Note that Q, P, and R prefix correspond to Quantile, CDF (Probability), and Random (number), respectively. 

- `QT(x, dof)`, `PT(x, dof)`, `RT(dof)` for Student-T Distribution

- `QCHISQ(x, dof)`, `PCHISQ(x, dof)`, `RCHISQ(dof)` for ChiSquare Distribution 

- `QF(x, dof1, dof2)`, `PF(x, dof1, dof2)`, `RF(dof1, dof2)` for F Distribution 

- `QPOIS(x, lambda)`,`RPOIS(x, lambda)`, `RPOIS(lambda)` for Poisson Distribution 

- `QBINOM(x, n, p)`, `PBINOM(x, n, p)`, `RBINOM(n, p)` for Binomial Distribution

- `QUNIF(x, a, b)`, `PUNIF(x, a, b)`, `RUNIF(a, b)` for Uniform Distribution 

- `QEXP(x, theta)`, `PEXP(x, theta)`, `REXP(theta)` for Exponential Distribution 

- `QBETA(x, alpha, beta)`, `PGAMMA(x, alpha, beta)`, `RGAMMA(alpha, beta)` for Beta Distribution

- `QCAUCHY(x, location, scale)`, `PCAUCHY(x, location, scale)`, `RCAUCHY(location, scale)` for Cauchy Distribution

- `QGAMMA(x, alpha, theta)`, `PGAMMA(x, alpha, theta)`, `RGAMMA(alpha, theta)` for Gamma Distribution

- `QFRECHET(x, alpha)`, `PFRECHET(x, alpha)`, `RFRECHET(alpha)` for Frechet Distribution

- `QPARETO(x, alpha, theta)`, `PPARETO(x, alpha, theta)`, `RPARETO(alpha, theta)` for Pareto Distribution

- `QWEIBULL(x, alpha, theta)`, `PWEIBULL(x, alpha, theta)`, `RWEIBULL(alpha, theta)` for Weibull Distribution

# Hypothesis Tests

- `JB(x)` for Jarque-Bera Normality Test (returns the p-value)

# The Logic

The package mainly uses the ```register``` function.
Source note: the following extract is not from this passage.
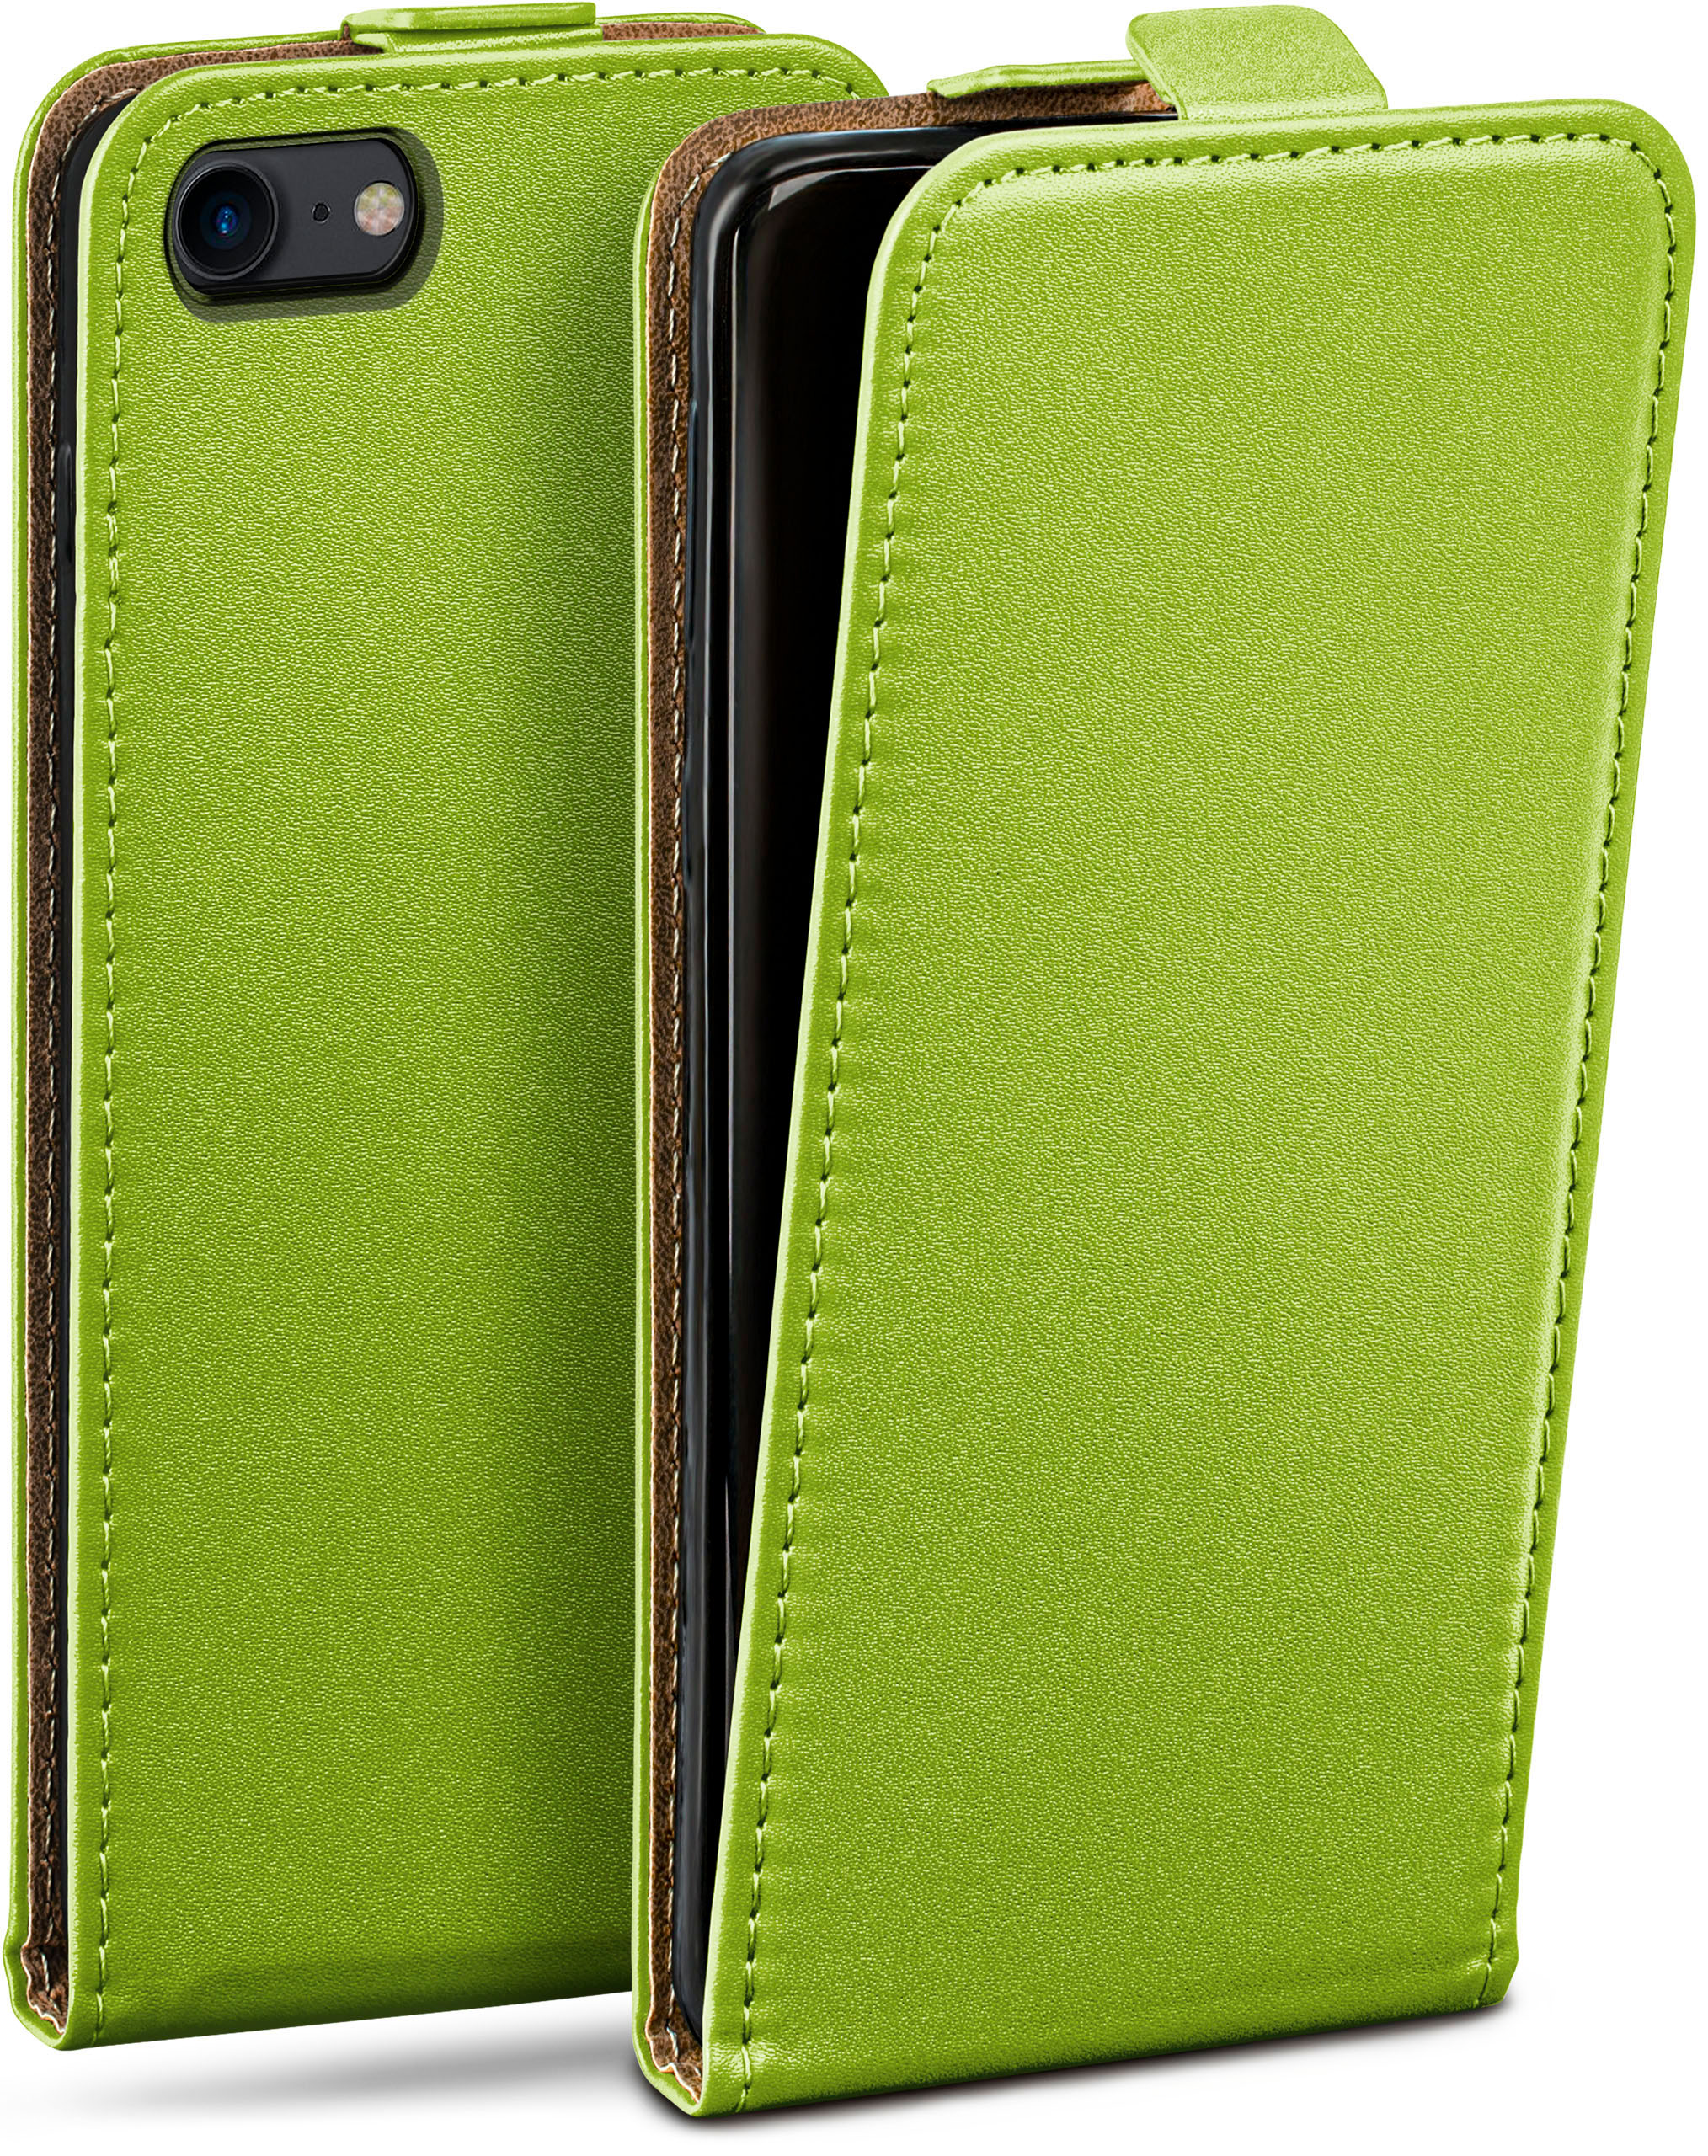 Flip Lime-Green iPhone 7 8, Case, MOEX Flip Cover, iPhone Apple, /

For example, a single variable 

function ```MEDIAN``` is registered as 

```julia

SQLite.register(db, [], 

        (x,y) -> vcat(x, y), 

        x -> StatsBase.quantile(x, 0.50), 

        name = "MEDIAN")

```

whereas, the two-variable function ```COR``` is registered as 

```julia

SQLite.register(db, Array{Float64, 2}(undef, (0, 2)), 

        (x, a, b) -> vcat(x, [a, b]'), 

        x -> StatsBase.cor(x[:,1], x[:,2]), 

        name = "COR", nargs = 2)

```

for Pearson's correlation coefficient.